What costs can I pay with a construction loan?

Typically, a home construction loan can only be used to pay for the actual costs of building the home – labor and materials, as well as permits, landscaping and repairs. other necessary items. This generally does not include furniture or other removable items. Some appliances may be covered by the construction loan, but you’ll want to make sure before you close.

What are the interest rates for construction loans?

As with any loan, interest rates on construction loans vary from day to day, from lender to lender and depending on your personal financial situation. But construction loan rates are usually higher than traditional mortgages, because you’ll usually only pay interest on the loan during construction – for up to 18 months – before paying the full principal and installments. interest once the loan is converted into a permanent mortgage. .
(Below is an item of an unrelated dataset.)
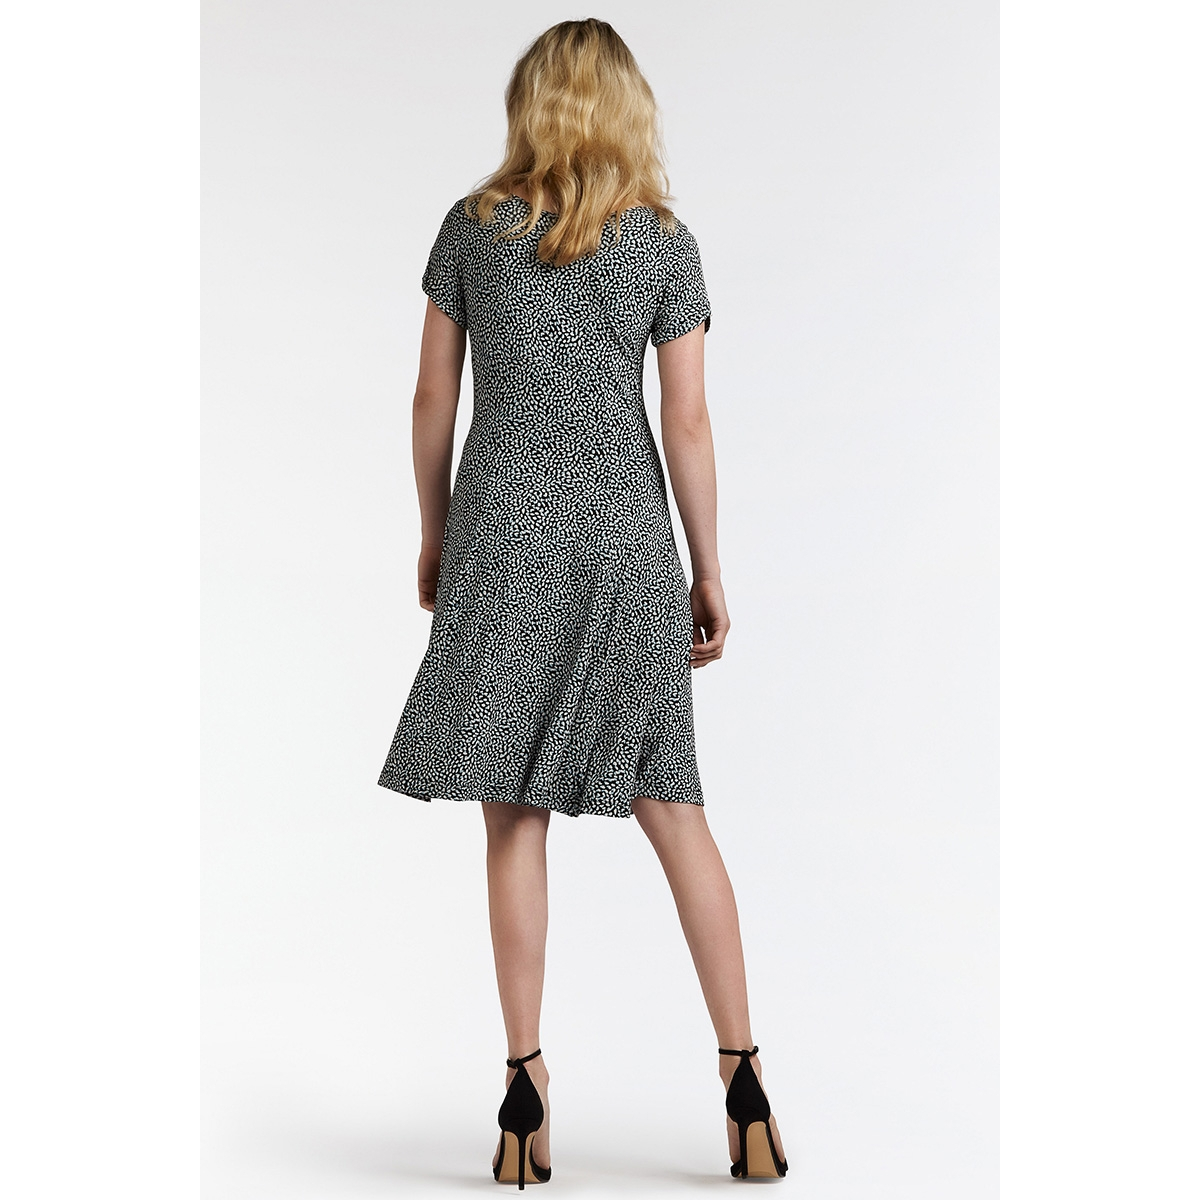 0efdcc72f3cda5 ... zwierige jurk met print 23001559 sandwich jurk 41010

With permanent construction loans, you can usually lock in your interest rate for the permanent mortgage in advance. This allows you to shop around and compare interest rate offers from several lenders before choosing one.

How to get a construction loan?

You may be able to get a construction loan from a traditional lender like a bank or credit union, or from a specialty lender. Lenders may offer their own construction loan programs or work through a government program, such as an FHA construction loan, VA construction loan, or USDA construction loan. But you must meet certain criteria to qualify for a construction loan, and the requirements may be more stringent than for a standard mortgage.

Construction loan requirements

Most mortgages require a certain credit score to qualify, and requirements for construction loans are often higher. Many lenders look for a minimum credit score of 680, and sometimes as high as 720, to qualify. You will also need to document your income and assets to demonstrate that you are able to repay the loan.

Installments on construction loan

Down payment requirements on construction loans are also often higher than for other types of mortgages. You may need to deposit up to 20%-30% to qualify for a construction loan, although less deposit options may be available depending on your credit. You can often find construction loans with down payments as low as 5%. Some programs, like VA construction loans and USDA construction loans, may not require a down payment.

How to find a construction lender

Many banks, credit unions, and specialty lenders advertise their construction loans online. You should be able to fairly easily find several lenders that offer construction loans in your area. It is essential to shop around for a construction lender before settling on a loan. Prequalify with several different lenders and get a quote to compare interest rate, down payment requirements, and other loan features before you choose.

Alternatives to construction loans

Although construction loans can be a great way to finance the construction of your dream home, they are not your only option. You might want to consider these other ways to start your construction project:

  • Land loan If you want to buy your land before you start construction, many lenders offer land loans to finance the purchase. You will probably need to get a construction loan or some other type of loan to actually build.
  • Home Equity Loan If you currently own a home, you may be able to leverage the home equity to build a new home. A home equity loan is disbursed as a lump sum, and a home equity line of credit allows you to draw on a maximum amount over time.
  • hard money loan Hard money loans usually offer quick approval, but come with significantly higher interest rates and short loan terms.
  • Personal loan Personal loans are generally unsecured and come with higher interest rates, but they can be used for virtually any purpose.